Hati Rahayu semakin sedih mana kala melihat lauk yang ada hanya sisa-sisa dari bekas makan mereka, bahkan sayur pun hanya tinggal kuahnya saja.
Rahayu membuang napas kasar. Antara sesak, sedih dan juga berat. Perlahan ia membersihkan dulu meja makan dari piring-piring yang kotor, lalu menyatukan sisa-sisa lauk yang ada, baru lah ia makan dengan perlahan meski tak berselera. Walau enggan, Rahayu butuh tenaga untuk menjalani kehidupannya yang ia rasakan sudah terasa berat.
"Apa sebaiknya aku tinggal di asrama atau kos saja ya? Rasanya semakin hari semakin sesak tinggal di rumah ini." Gumam Rahayu sangat pelan.
Namun setelah memikirkannya sambil makan, Rahayu pun merasa asrama atau kosan mungkin memang lebih baik untuk memfokuskan diri belajar di masa kuliah. Juga menjaga emosi dan perasaannya yang terus bergejolak beberapa waktu belakangan ini.
Setelah makan, Rahayu membersihkan meja makan dan piring-piring kotor. Setelah itu, baru lah ia kembali ke kamar gudangnya.
Rahayu merasa perlu membicarakan keinginan itu kepada Ayah dan Ibunya mumpung mereka ada di rumah dan tidak ada Arumi di antara mereka.
Adinata pulang lagi ke rumah setelah mengantarkan Arumi yang merupakan anak kandungnya. Adinata ingin membuat kenangan bersama anak yang baru mereka temukan dan mengganti kenangannya bersama Rahayu selama ini yang ternyata bukan anak kandungnya.
Jantung Rahayu rasanya berdebar-debar hendak menghadap Adinata dan Marlina. Padahal dulu ia biasa saja dan selalu ceria berada di sisi kedua orang tuanya.
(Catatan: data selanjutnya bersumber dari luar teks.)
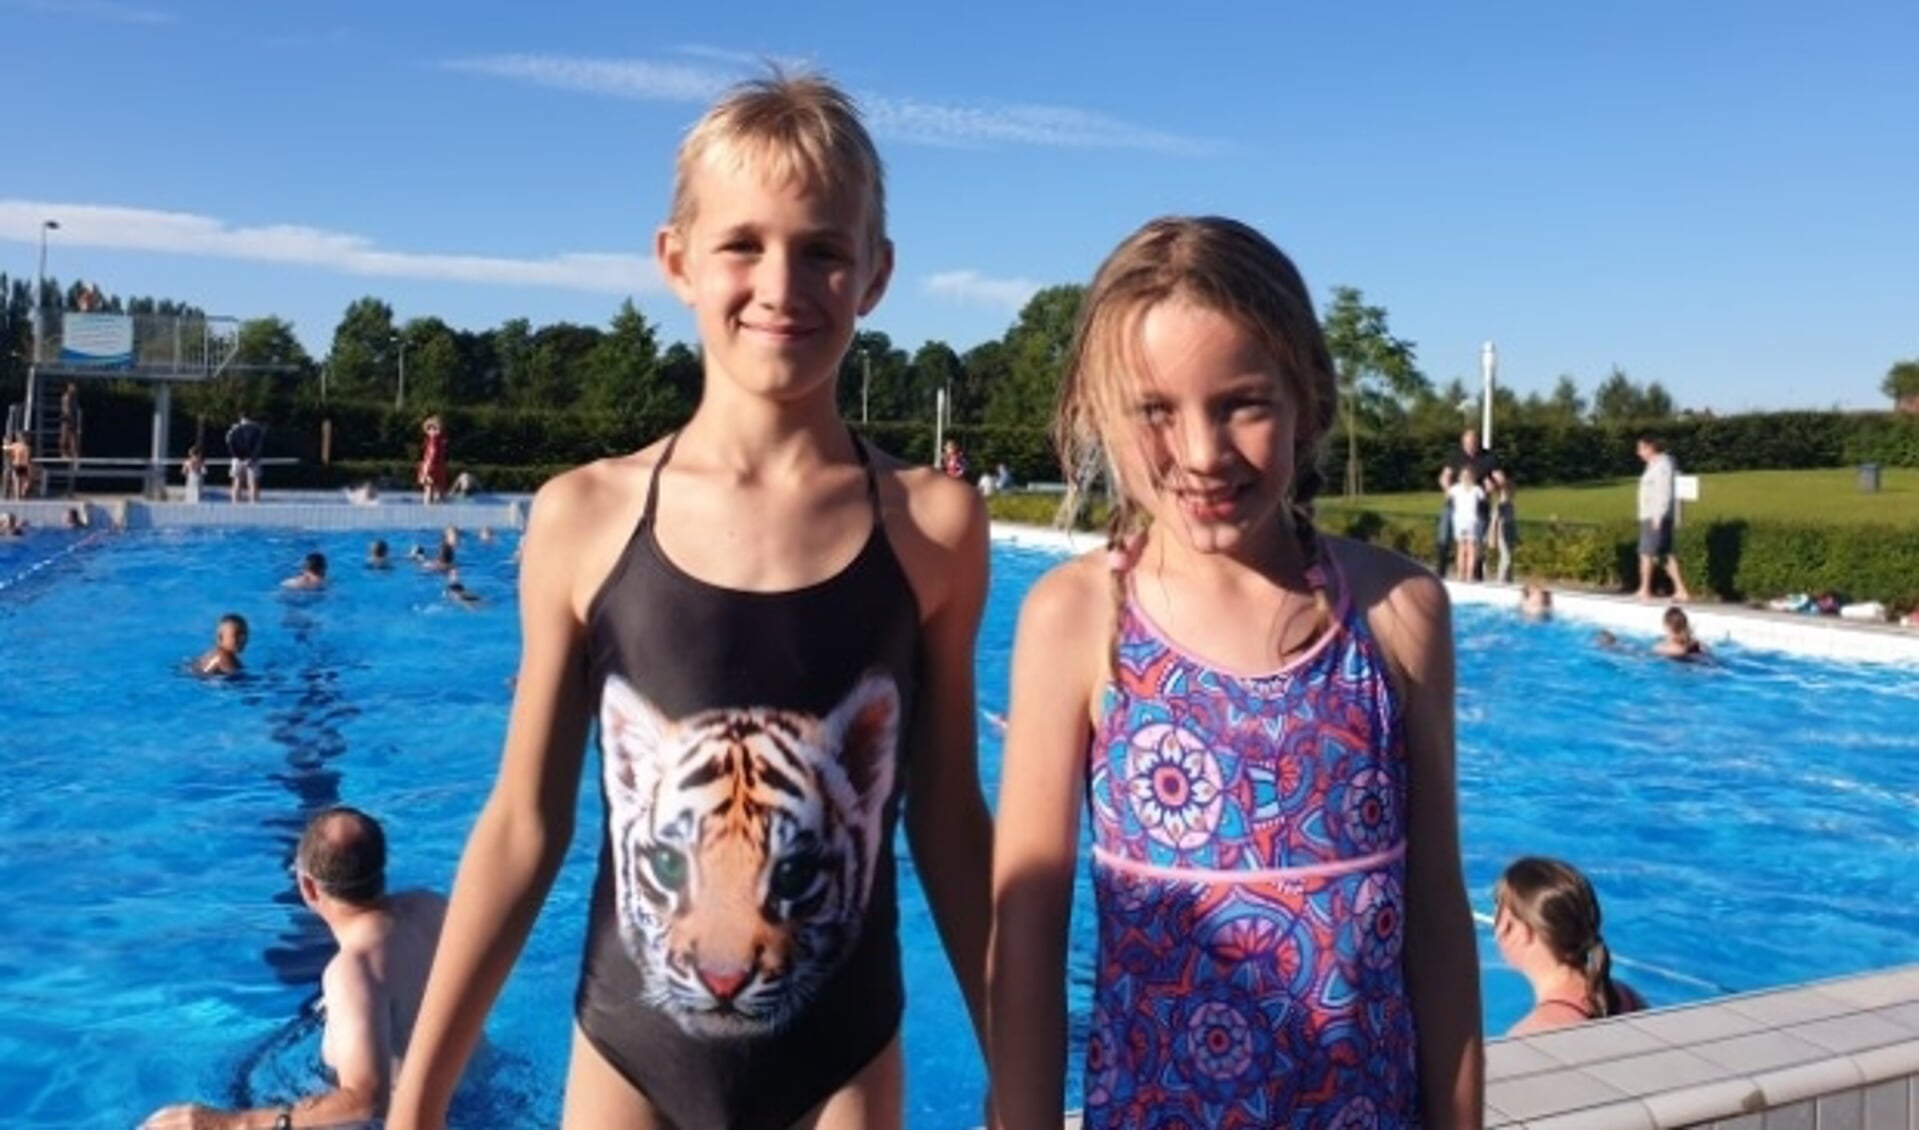 Moreno en Lisanne uit Delft waren speciaal naar Lansingerland gekomen om de vierdaagse te zwemmen.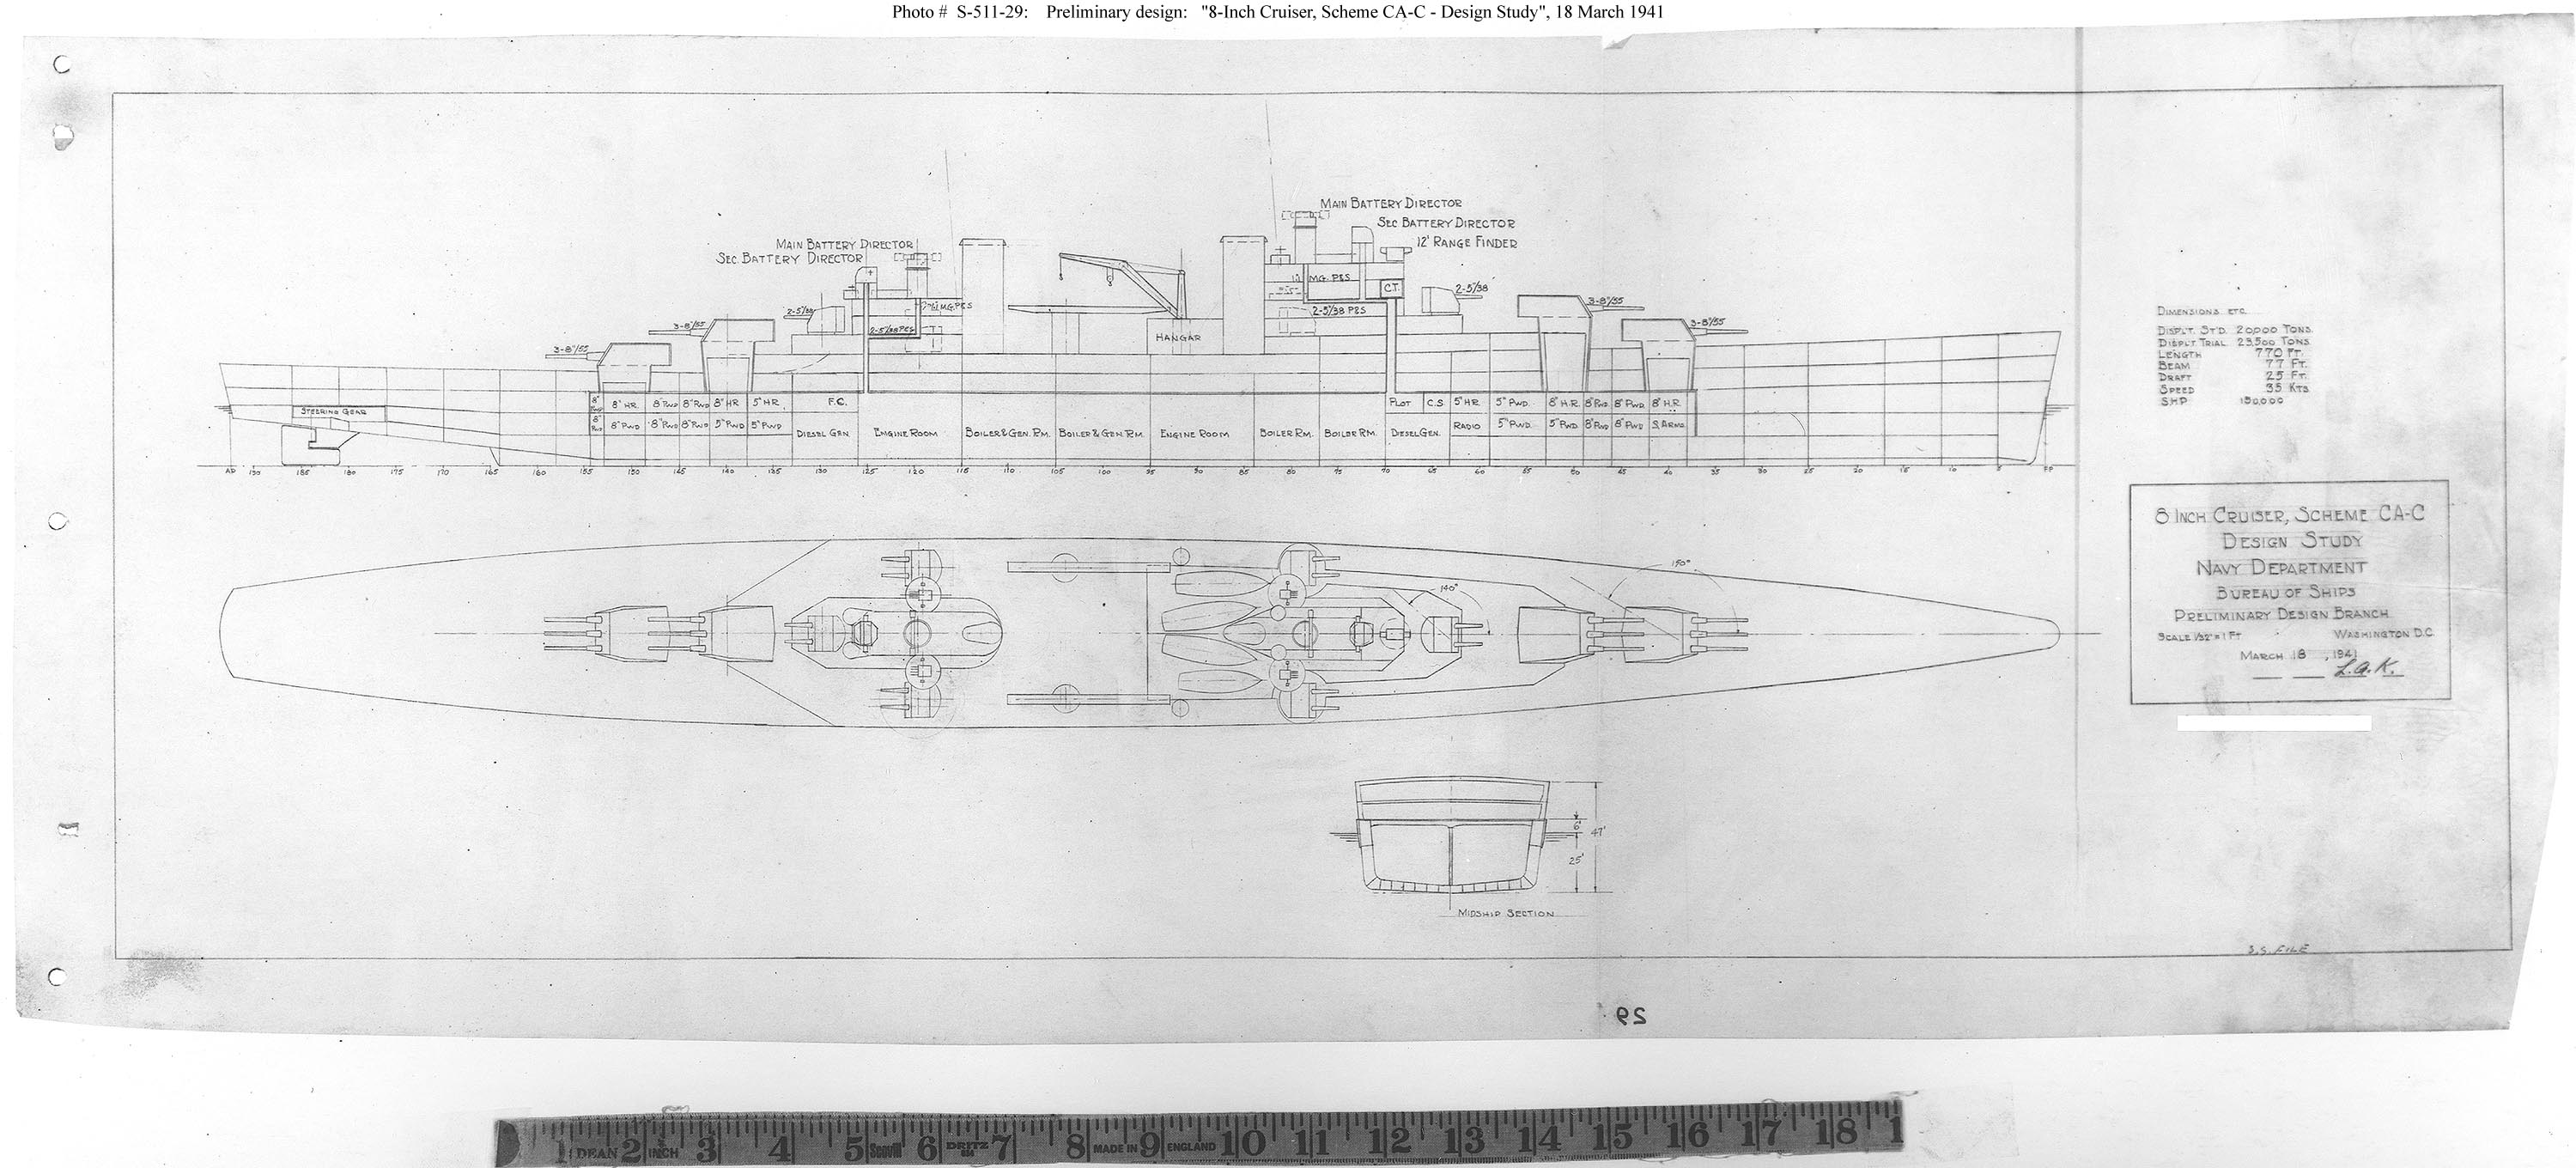 8 inch cruiser scheme CA-C 18 March 1941

Namun setelah kedatangan Arumi berbeda, bahkan ia merasa Adinata dan Marlina seperti bukan orang tua kandungnya saja.
"Ayah, Ibu... Emm.. ada yang ingin aku bicarakan." Ucap Rahayu takut-takut.
"Ck!"
Decak Adinata meskipun pelan namun masih terdengar dan terlihat oleh Rahayu yang melihat mereka bagaimana respon kedua orang tuanya. Hati Rahayu menciut dan semangatnya pun mengecil, namun ia berusaha untuk tetap tidak terlihat kecewa.
"Bicara apa? Apa mau protes lagi?" Tanya Marlina sang Ibu.
"Tidak Bu, bukan itu."
"Lalu apa?"
"Emm... Itu, apa boleh Ayu selama kuliah tinggal di asrama kampus atau kosan dekat sana saja? Jadi Ayu bisa lebih dekat dengan kampus dan cukup berjalan kaki saja ke sana. Karena Ayu juga bakal sering bolak balik perpus."
"Kamu mau mengelak dari tugas rumah mu?!" Marlina tampak tidak senang atas permintaan Rahayu.
"Bukan begitu Bu, Ayu hanya ingin benar-benar fokus kuliah biar cepat lulus dan mencari kerja. Ayu tidak angin terus membebani Ayah dan Ibu."
Kilah Rahayu yang sebetulnya ia memang sedikit menghindari pekerjaan rumah yang terasa berat apalagi harus melayani Arumi yang sangat ia benci.
Namun tetap saja Marlina tidak suka dan tidak terlihat jelas di wajahnya yang masam.
"Boleh-boleh saja kalau kamu mau tinggal di asrama atau kosan..."
"Sayang...!" Sela Marlina tidak setuju atas ucapan suaminya.
"Tetapi, kalau hanya asrama yang gratis. Kalau kosan, kamu harus cari biaya sendiri. Kamu tahu, biaya kuliah saja tidak sedikit."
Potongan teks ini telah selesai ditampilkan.